(Patient Name) has a rare metabolic disorder called Cystinosis (ICD-9: 270.0). There are an estimated 500 individuals in the United States with this disease. Patients with this disorder accumulate large amounts of the amino acid cystine within their cells. By about one year of age, these children begin to have renal tubular problems leading to very high urine volume and loss of important substances in their urine. Without diagnosis, these patients may die at that time. With appropriate symptomatic treatment, they do relatively well for many years, but grow very poorly and are in end-stage renal failure at an average age of nine years. In the past, cystinosis patients then required dialysis or renal transplant to maintain life.
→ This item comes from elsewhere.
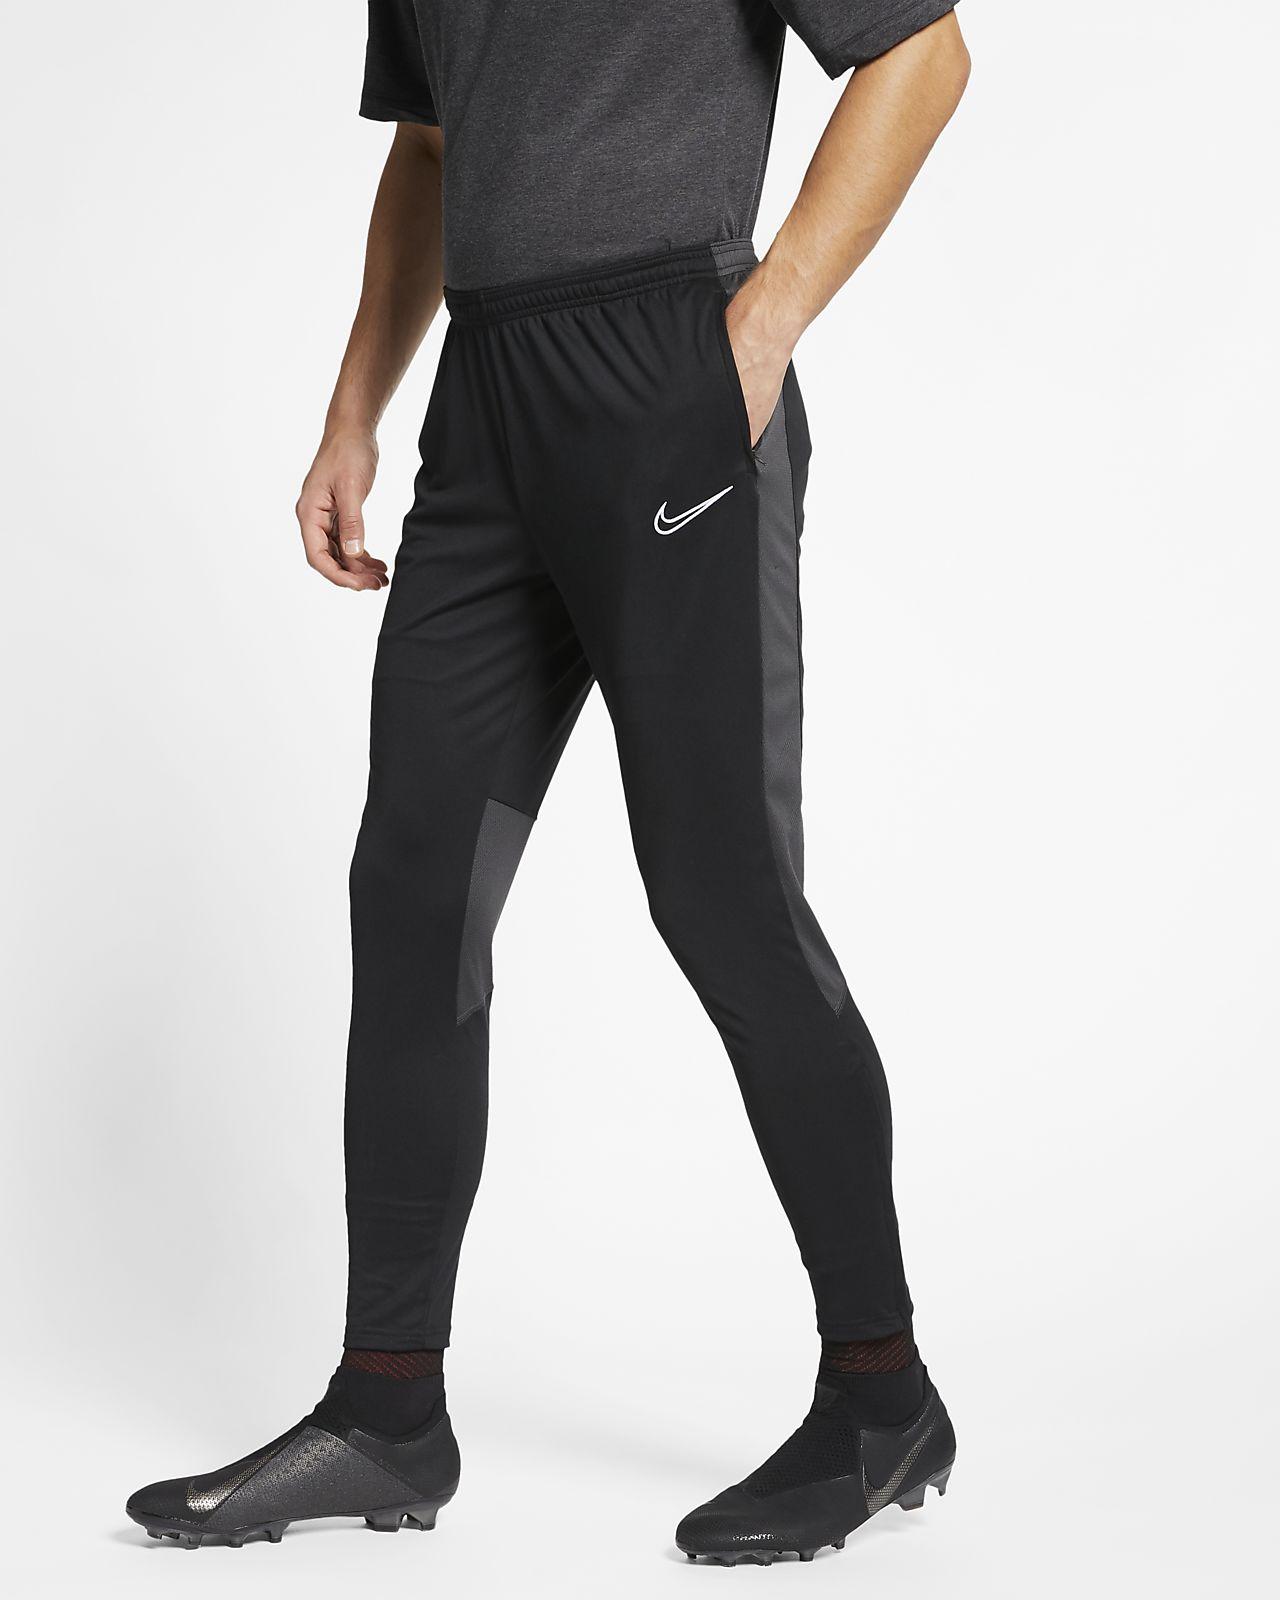 57723562ef5d Nike Dri-FIT Academy Men s Soccer Pants. Nike.com

As patients with cystinosis lived longer lives because of renal transplantation, many developed severe damage to other organs including the brain, retina, and muscles.

In 1994 the FDA approved cysteamine bitartrate (Cystagon™) as the only specific treatment for this disease. Unfortunately this drug is foul tasting and must be taken every 6 hours around the clock to be effective. Thus, it is essential that these childrens’ white blood cell cystine be monitored periodically. The FDA approved package insert asks that the test be performed every three months. The reason that this measurement is done so frequently is that this is the only way to be certain that the patient has been prescribed the correct dose and that he/she is actually taking this dose. By frequently measuring the WBC cystine, we know when a patient stops being compliant and can immediately alert his/her physician. In patients who continue to be compliant we sometimes decide to do the measurement less frequently.
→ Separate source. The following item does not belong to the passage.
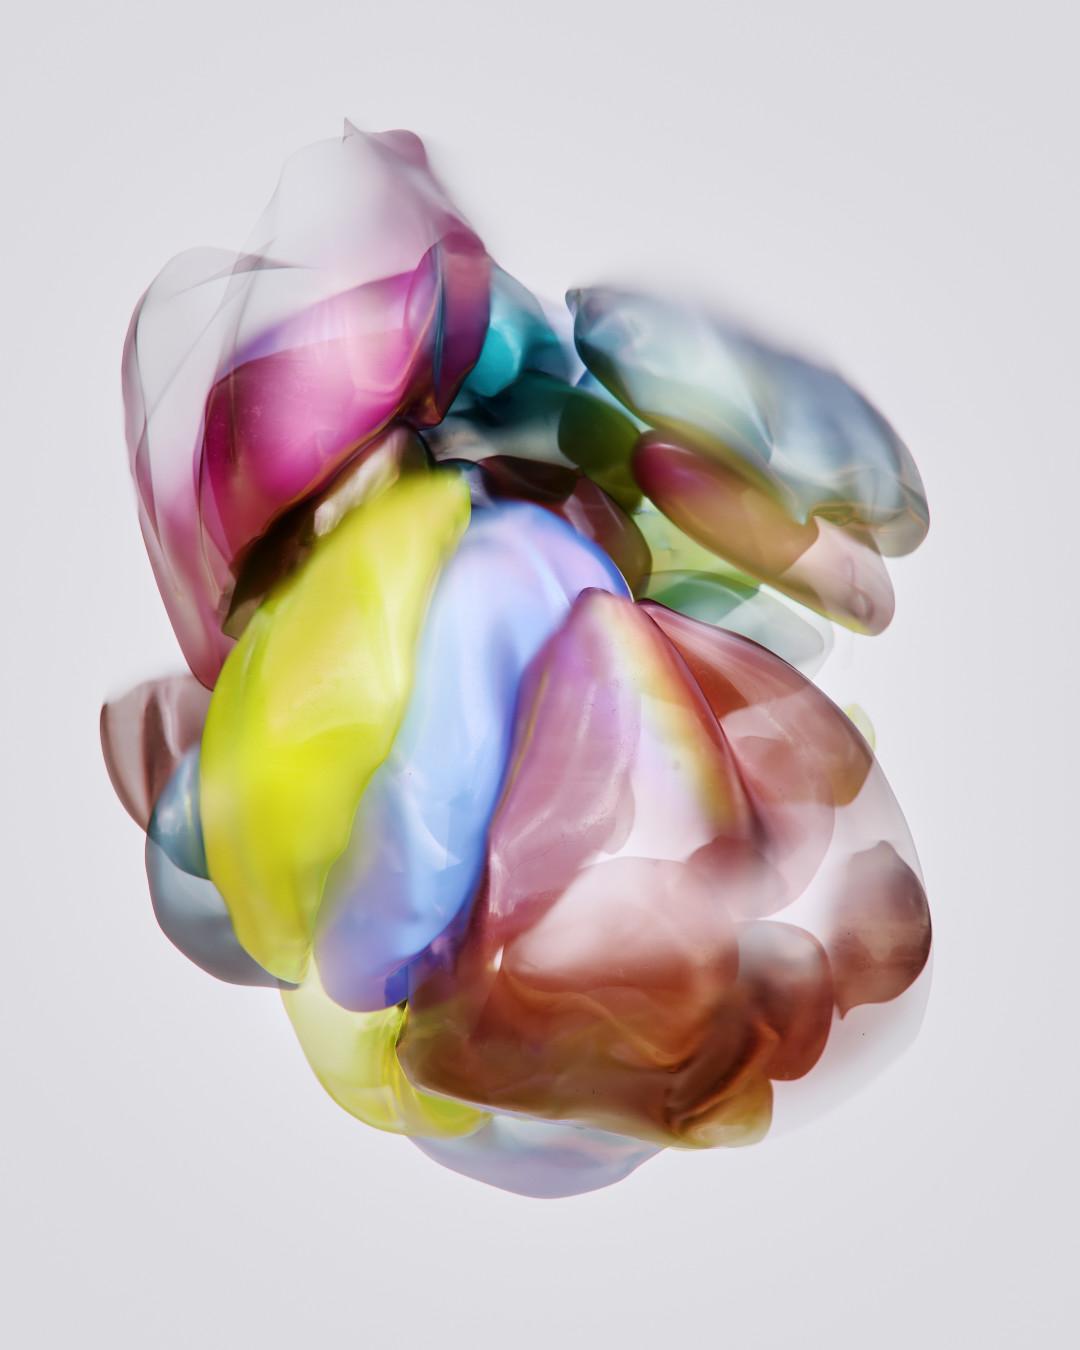 Colorclouds_10_cam1_0001

The other disease in which cystine is measured is cystinuria. This is a completely unrelated disorder in which the urinary cystine concentration is elevated. Many laboratories measure urinary cystine concentration. This is a relatively easy assay. The measurement of intracellular cystine is much more difficult and we are one of the few laboratories in the world who do this assay. The University audits the laboratory and insists that we charge an amount for this assay that will exactly cover our expenses. In other words, we can neither make nor lose money. Although we have "applied" to the AMA for a specific CPT code for this test, this is still on hold so we are forced to use the codes 83789 and 84999. We have been told that it is unlikely that they will ever give a CPT code for use in such a rare condition.

Unless another form of treatment becomes available, cystinosis patients will remain on this treatment for the rest of their lives. Cystinosis patients who are able to faithfully take cysteamine as prescribed greatly delay their need for kidney transplantation while increasing their ability to live relatively normal lives. This drug also prevents damage to other organs.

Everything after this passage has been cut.